Personal information
- Date of birth: 21 May 1924
- Place of birth: Longford, Tasmania
- Date of death: 26 February 2017 (aged 92)
- Original team(s): Burnie
- Height: 180 cm (5 ft 11 in)
- Weight: 84 kg (185 lb)

Playing career^{1}
- Years: Club / Games (Goals)
- 1946–1951: Richmond / 93 (23)
- ^{1} Playing statistics correct to the end of 1951.

= Ray Stokes =

Australian rules footballer

Raymond Gordon "Ray" Stokes (21 May 1924 – 26 February 2017) was an Australian rules footballer who played with Richmond in the Victorian Football League (VFL). He was born in Longford.

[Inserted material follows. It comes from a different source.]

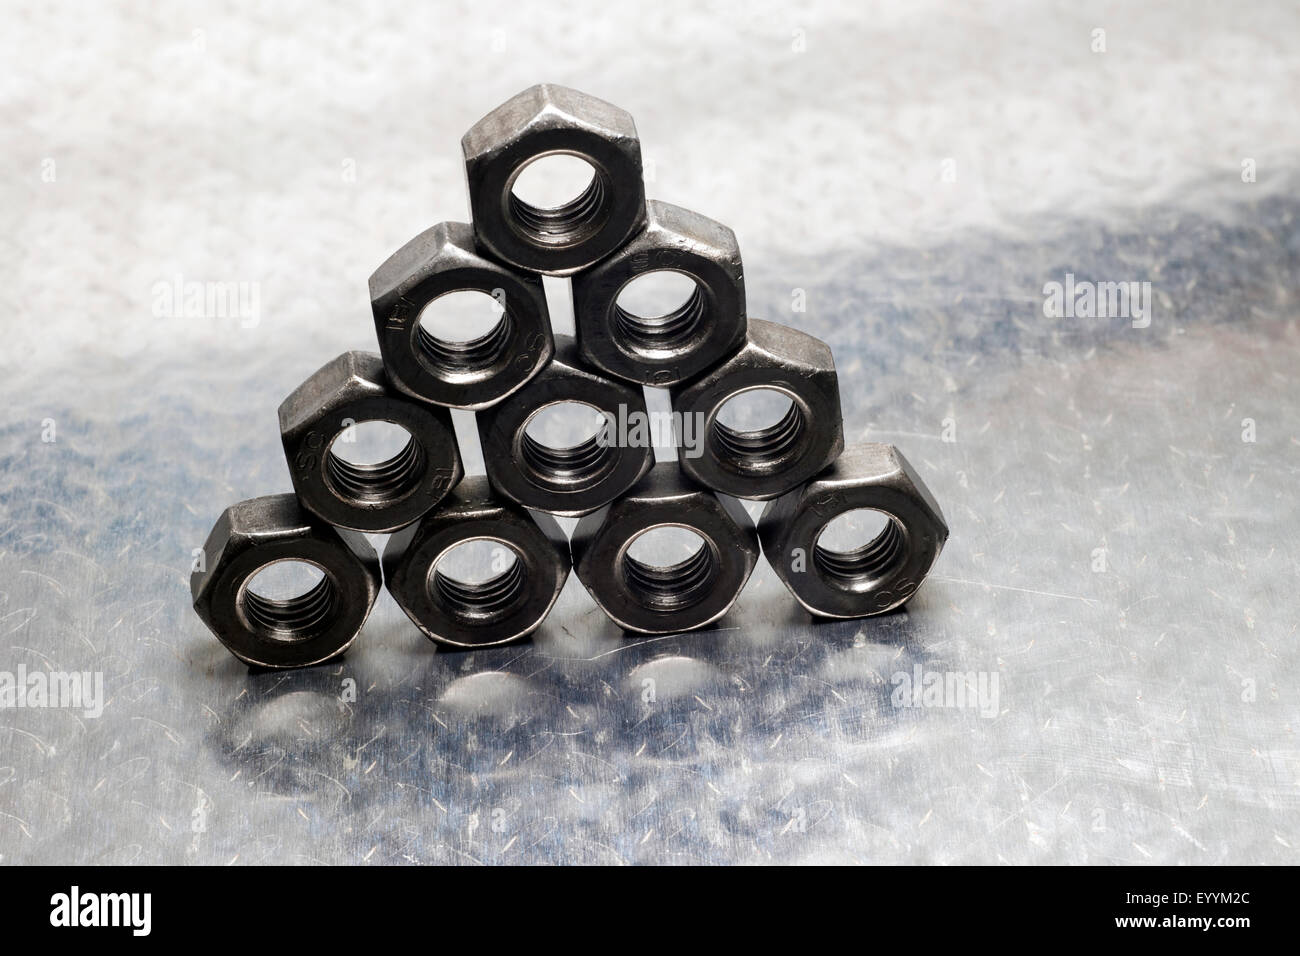 Steel metric nuts formed into a pyramid shape. Stock Photo

After making his debut for Richmond in the 1946 season, Stokes went on to play with the club for six years. He played in the midfield, as either a centreman or on the wing. Stokes had been recruited from Burnie in Tasmania and he returned there after leaving Richmond and became their coach. He represented the Tasmanian interstate side at the 1953 Adelaide and 1956 Perth carnivals.

Stokes was also a cricketer and played first-class cricket for Tasmania. A left-handed batsman, he played nine first-class matches in total, scoring 323 runs at 24.84 with a highest score of 83. He was the older brother of Richmond footballer Jervis Stokes.